Their partnership with Motorola, I think, involves some ability of Graphene OS devs to access/harden/update the firmware, but I'm not 100% sure. Firmware on phones, especially for the baseband processor, often involves a nasty confluence of copyright, trade secrets, patents, and government rules/demands.
sfRattan
·3 か月前·議論
I generally agree, but that basically sounds like prudent investing for eventual retirement. Yes, tune the degree of aggression both in terms of work input and spending restraint, but the "work input" has to be high (and effective) for those few decades.

EDIT: I'm also kind of writing in the context of having your own little economic engine that you own and control, and can be continually running, rather than owning a tiny piece of the abstracted aggregation of an entire economy's engines. That said, dead-simple, low-fee, market-indexed funds are a generally good place to put the surplus fruits of your own little economic engine.
sfRattan
·3 か月前·議論
The way it shakes out is that there's no widely accessible way of escaping actual, ongoing work, which is what unmotivated people actually hear behind the words "passive income." Whatever the industry/vertical/field, a tiny number will hit it so big that they can actually stop working. Everyone else can bolster their income with passive sources, but that passive income ultimately depends on continuing new stimulus into the market (new products/services, more work marketing) to keep the "passive" flow stable.

If you look at the world of indie tabletop RPGs, for example: Kevin Crawford of Sine Nomine Press makes a very good living and a significant percentage of it is "passive" sales of his back catalog. But if he stopped publishing and promoting new game projects, sales of that back catalog would very likely shrivel to nothing within a calendar year.

The open-secret ingredient is always more work.

It's why someone like Crawford can afford to tell everyone exactly how he does what he does... Giving away extensive production files that show you his whole creative process, soup to nuts: 99% of people aren't going to put in the work necessary to sustain the passive portion of an individual income.
sfRattan
·3 か月前·議論
I think mutual aid organizations and friendly societies of various kinds among American immigrants (at least historically) benefited from a strong selection effect: people willing to immigrate to a faraway country without a welfare system in pursuit of opportunity and wealth. That population is highly self-selected for work ethic, risk tolerance, and self-discipline. Those values probably stabilize social dynamics and minimize the wealth immolation and tall-poppy effects described in the article.

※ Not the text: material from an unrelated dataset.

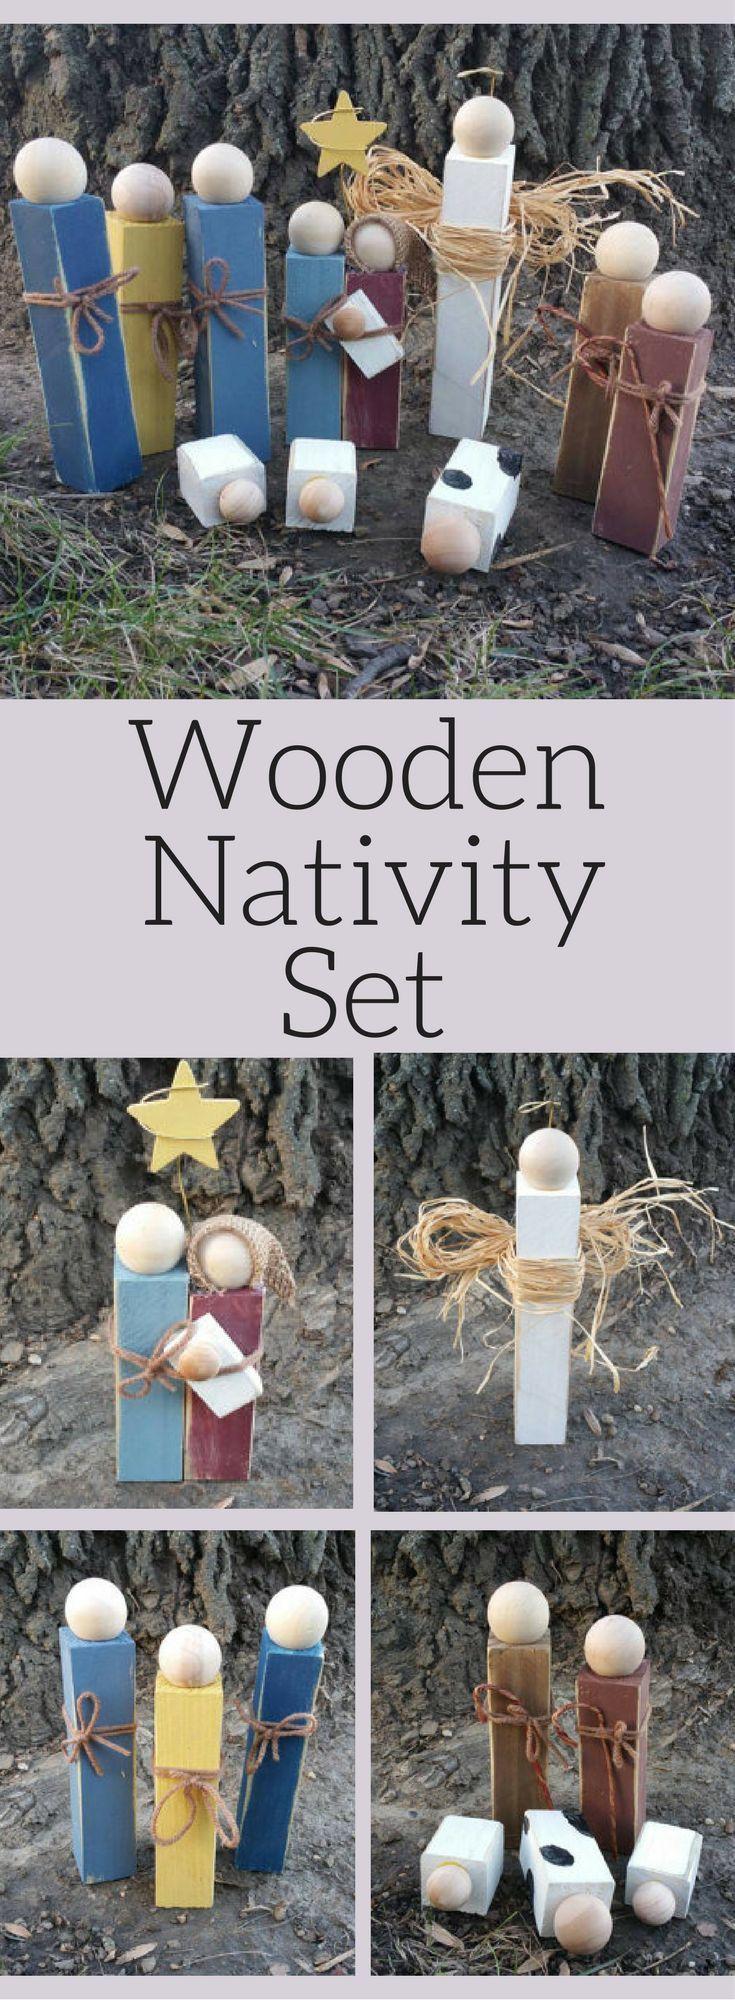 Wooden Nativity Set, Christmas Decor , Wood Christmas Nativity scene, Rustic Christmas Decoration, Rustic decor, Sold as Full 12-Piece Set, #affiliate

In other words, if everyone in a mutual aid society is a crab who crossed half the world and an entire ocean to escape the bucket, eventually said crabs stop acting like you'd expect crabs in a bucket to act, and their social dynamics are consequently less suffocating.
sfRattan
·3 か月前·議論
The idea of using an LLM to manage media streaming subscriptions seems completely bonkers-nutso-crazy to me. Then again, I don't have streaming subscriptions anymore. I'll grant that streaming platforms played dark-pattern games with cancellation a decade ago, which is part of why I dropped all of them, but iOS and Android are both pretty good about routing subscriptions through their respective app stores and enforcing standardized, easy cancellation for end users.

The amount of energy in your brain it takes to do this basic thing versus the amount of energy in a datacenter somewhere, and the slide into cognitive atrophy that must result...

There are things I'll happily use LLMs to accomplish, but offloading day-to-day executive function will never, ever be on that list. And every day I understand and sympathize with the ethos of the Butlerian Jihad more and more.